I’ve been lurking these forums since I bought a license back in April. Apologies for a bit of a rant:
I hope it’s not too cynical - but I really do expect that one of these days we will hear that ST has been shuttered. I would not blame JPS - he doesn’t owe anyone who paid a thing other than what we agreed to in the license.
That said, I probably would not have paid $70 for ST2/ST3 license if I had been under the impression that focus was being shifted to a nebulous notion of ST4. And I was told that I would need to buy another license for that product…Worse (in my opinion) is that the once-vibrant plugin scene seems to have dried up over the course of 2014/2015.
Sublime is working fine and is quite stable and quick. I cannot complain about that. However the community in the form of working packages and extensions was the reason I bought; a solid core that could be extended via Python. But isn’t that what the Vim gui clients are? With IntelliJ and VS Code and Webstorm and even Atom catching up to ST3 in performance, what is the benefit of sticking with it?

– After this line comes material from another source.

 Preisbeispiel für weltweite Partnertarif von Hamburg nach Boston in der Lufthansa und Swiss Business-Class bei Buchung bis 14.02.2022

Like others, I pick these things by what works. And as a full-time engineer I must admit that even a cursory look I took at Atom this week has shown me through my improved productivity that it is a better editor than ST3.
It’s slightly slower, yes however far more extensible: I can preview markdown in the editor, eval non-REPL languages in a terminal pane, run Scala worksheets, see CI build status, see git/hg status, change hex colors with a picker, diff files, etc. Remote-pair programming was the easiest I have ever used and was intoxicating. Linking build errors directly to issue tickets on GitHub is very useful.
The community around Atom is friendly and growing, and almost any HTML/CSS/JS component can be easily integrated. That is awesome. It just keeps getting better, and it’s just plain not getting better for ST in my opinion.
So I’ve uninstalled Sublime, eaten the $70 as a business expense and moved on to using Vim, Atom and IntelliJ in different aspects of my tool kit.